## Stored data:
##########
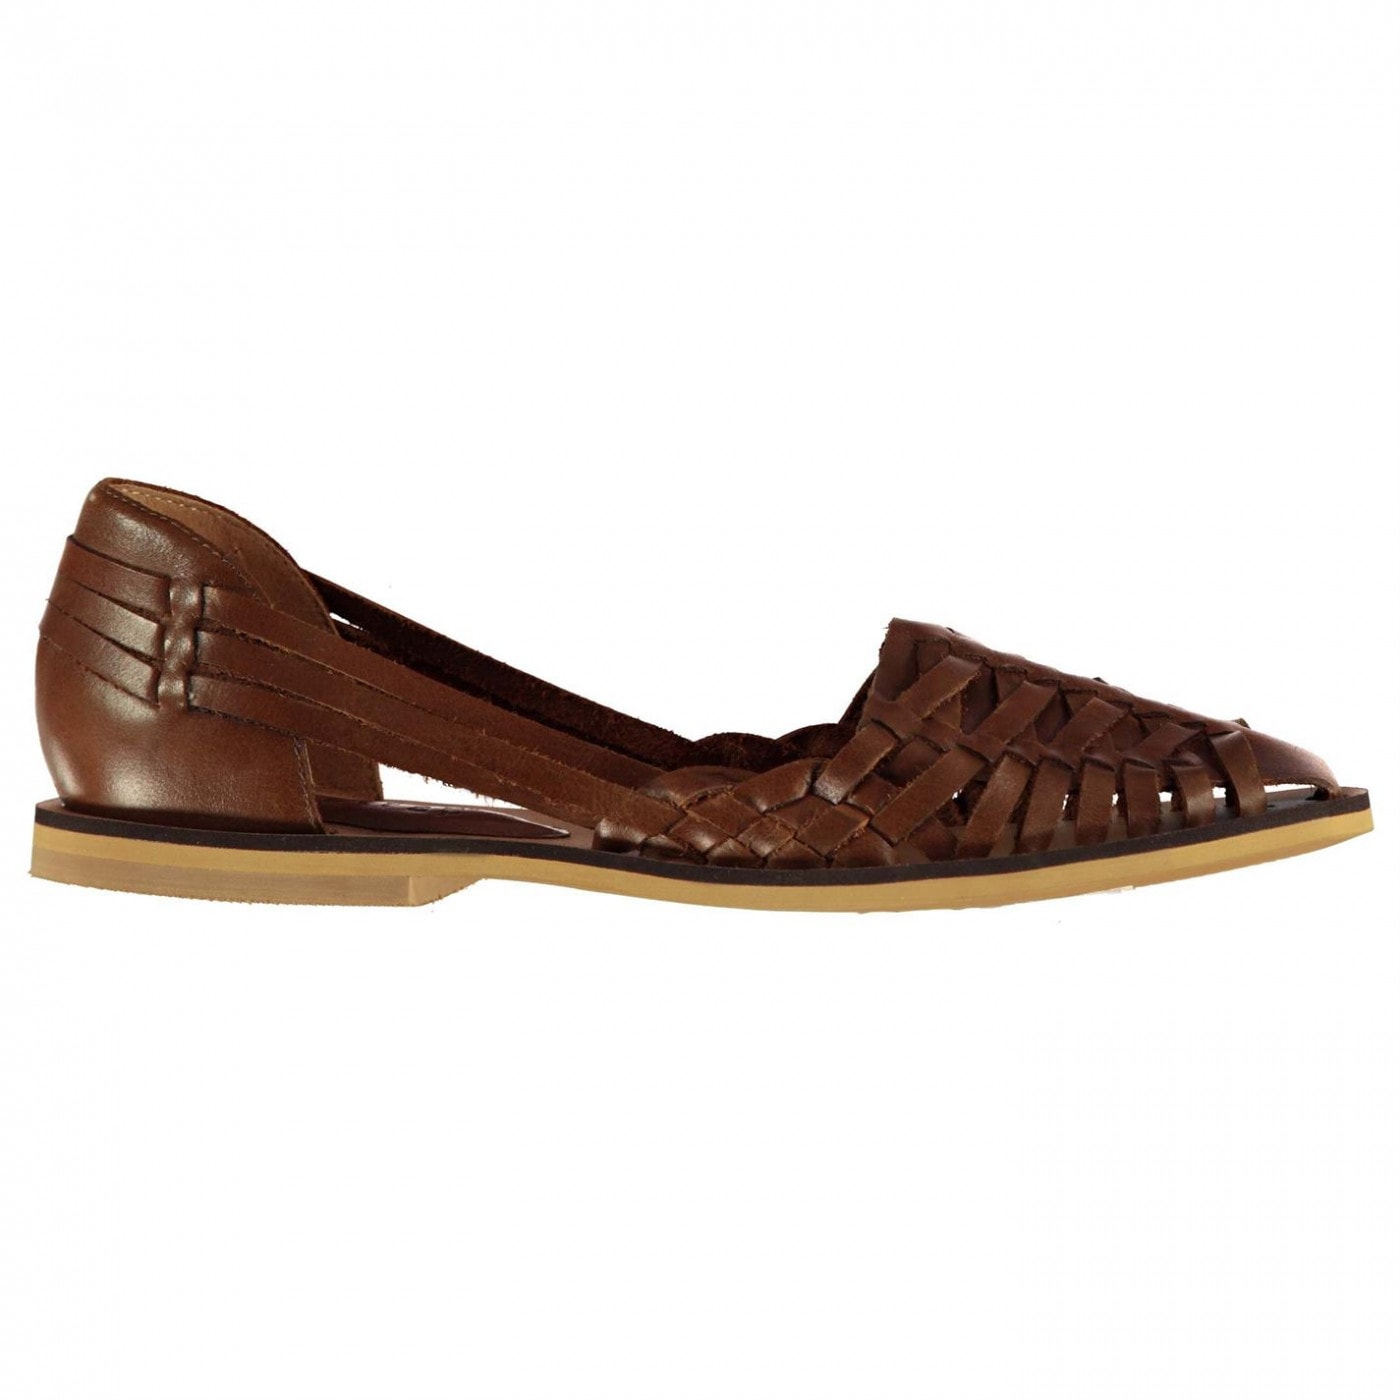 Firetrap Gwen Womens Woven Sandals
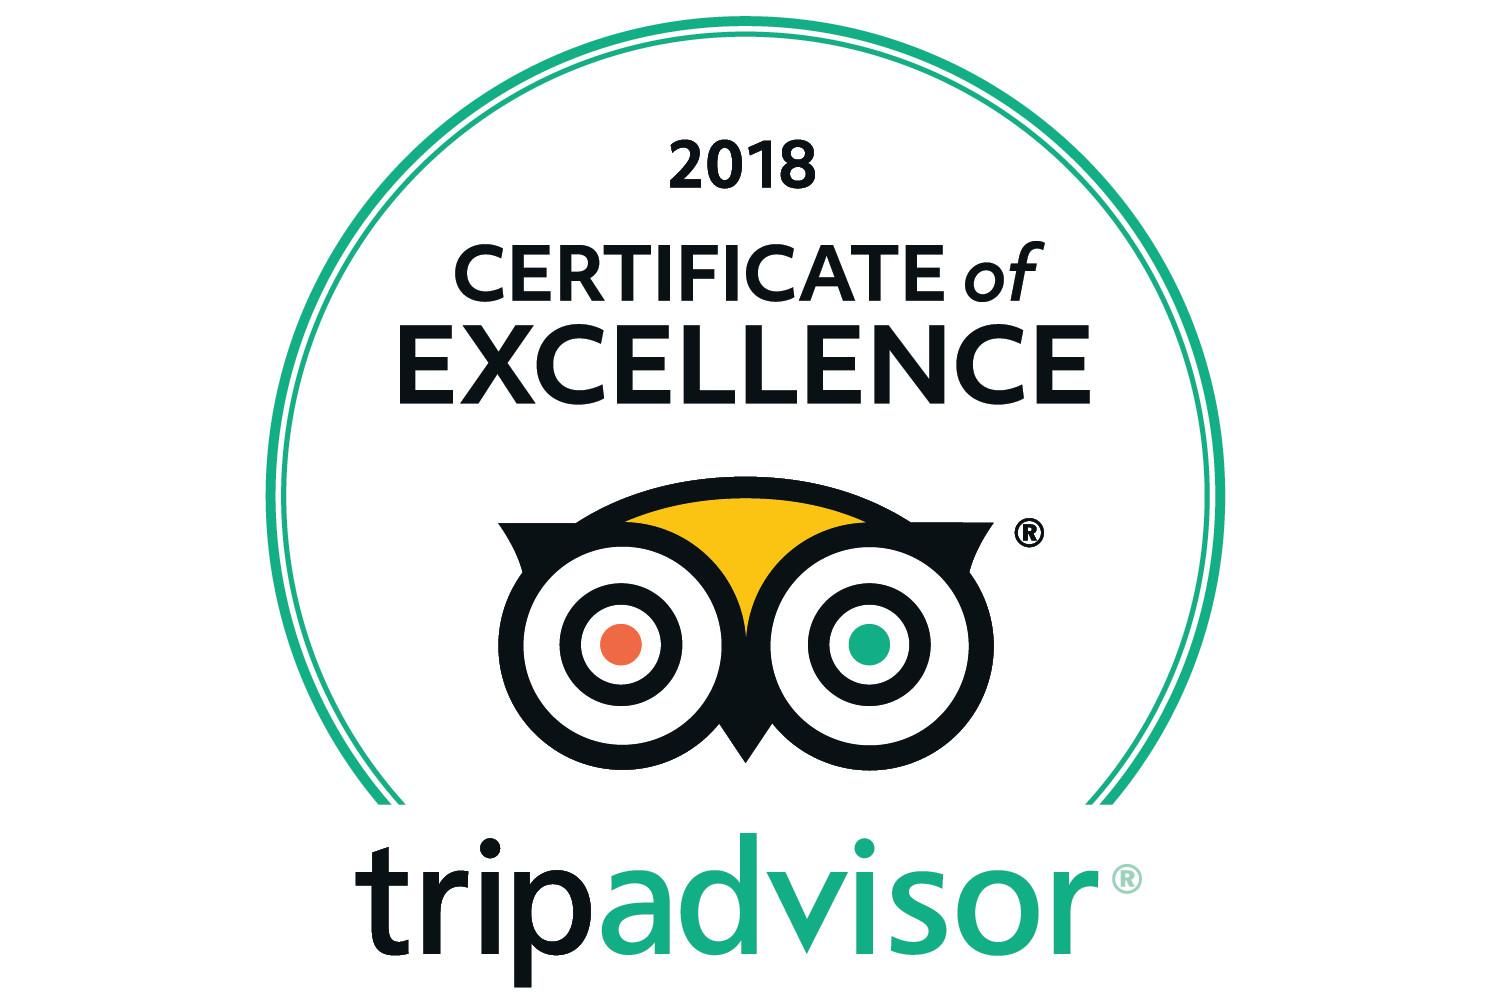 tripadvisor 2018 logo
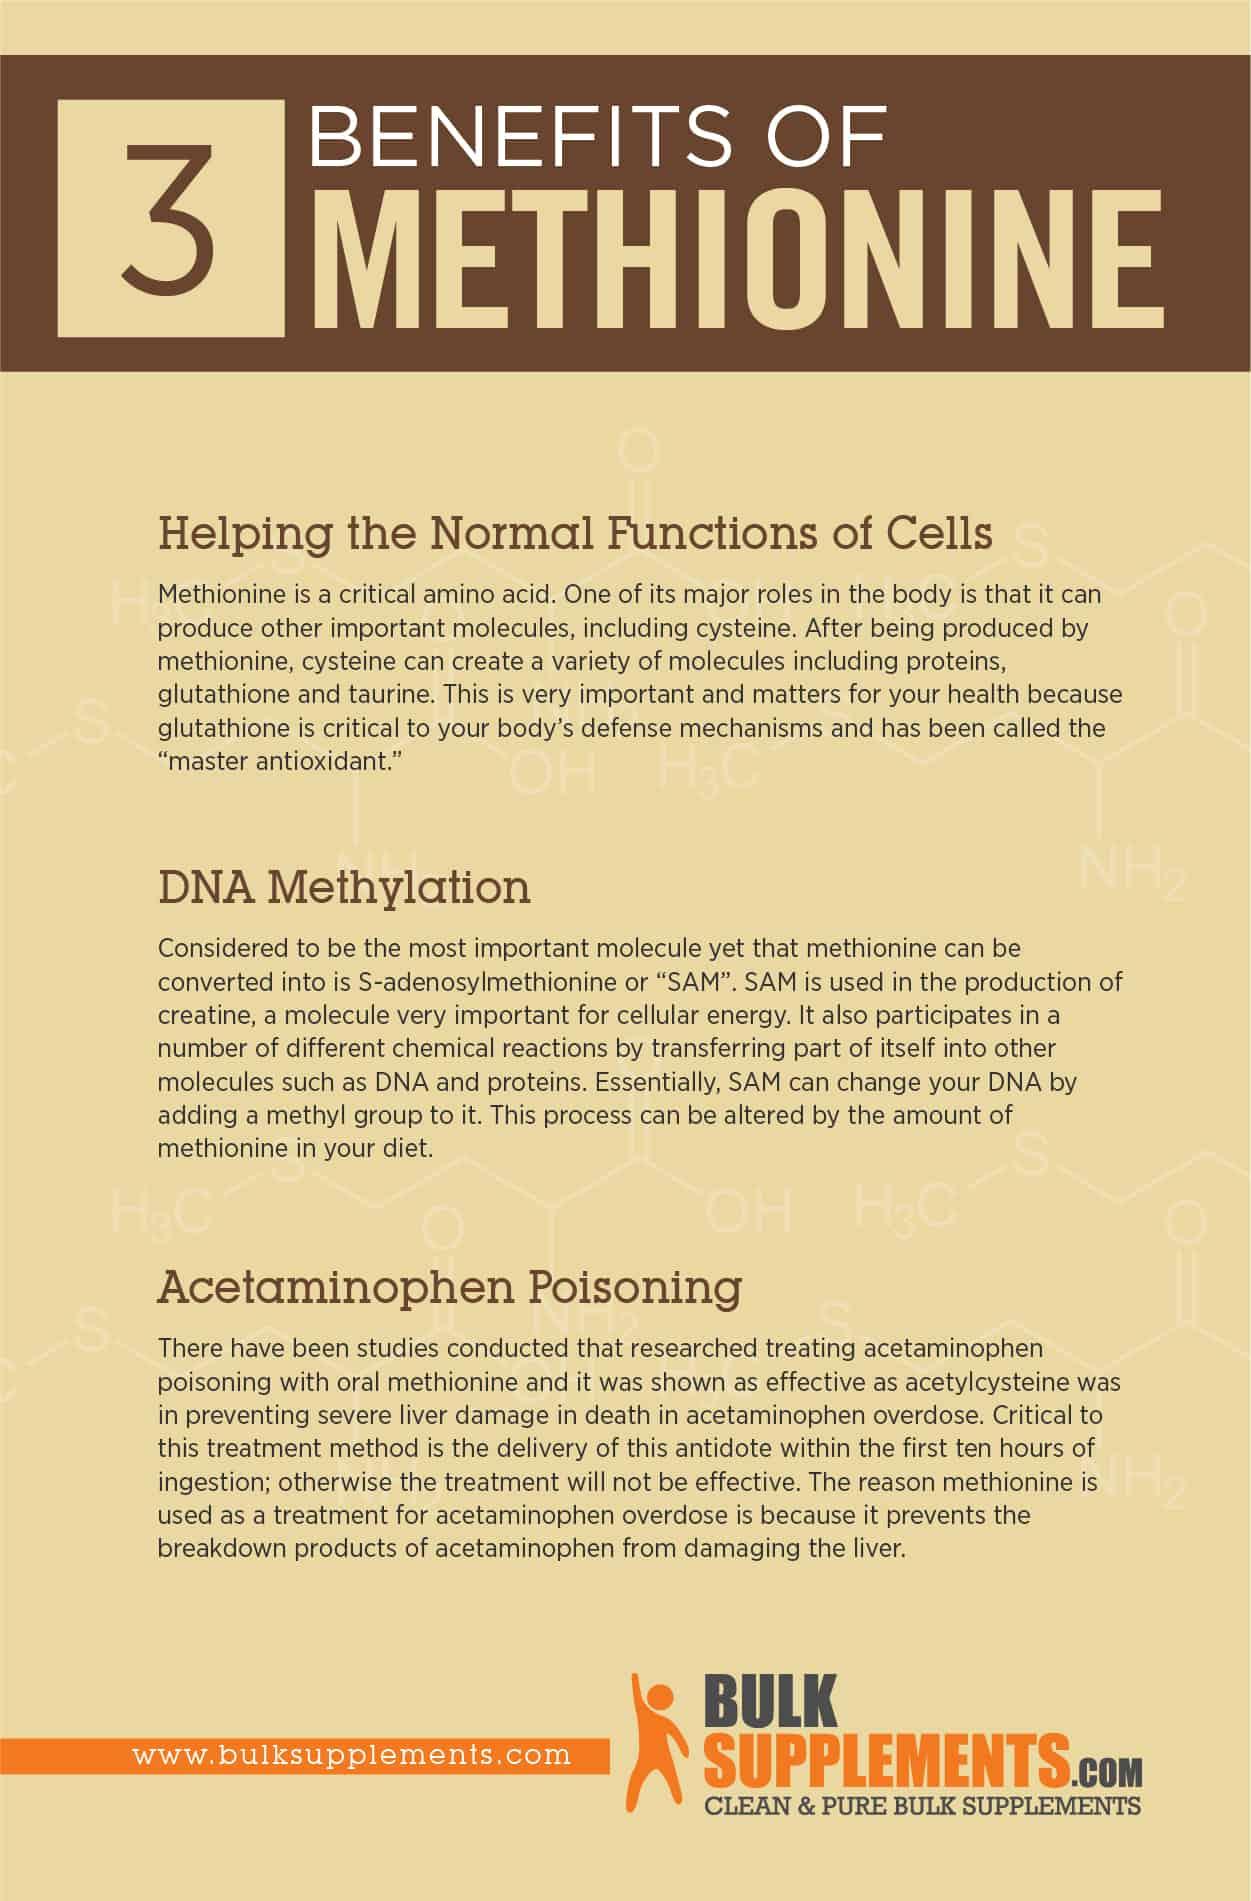 Methionine Benefits
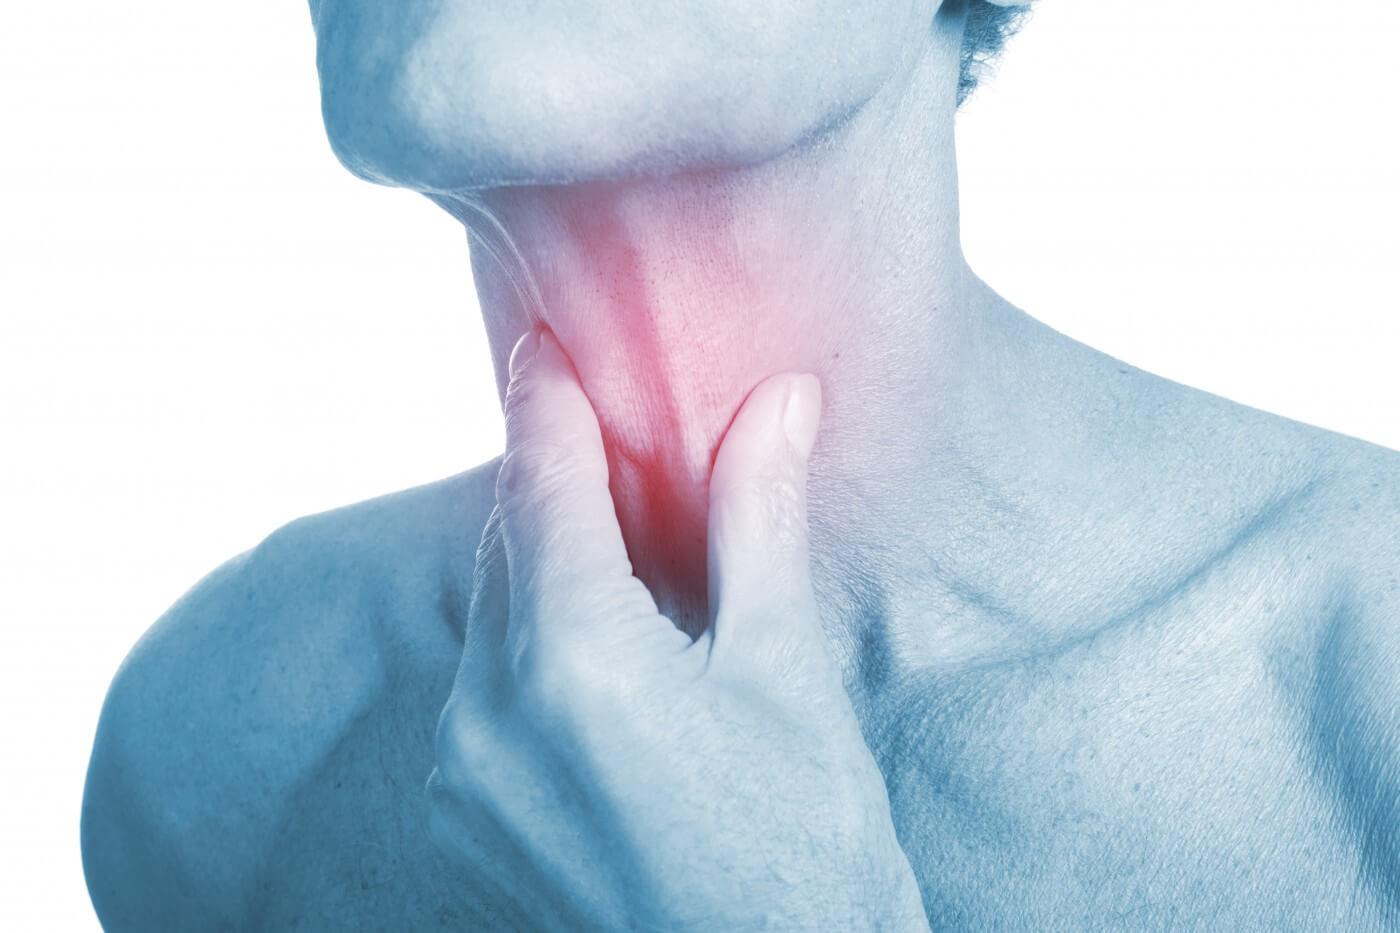 Первая помощь при ангине и воспалении горла
##########
## Work order:
Could you print the listing above exactly, without the pictures?

## Response:
 Firetrap Gwen Womens Woven Sandals
 tripadvisor 2018 logo
 Methionine Benefits
 Первая помощь при ангине и воспалении горла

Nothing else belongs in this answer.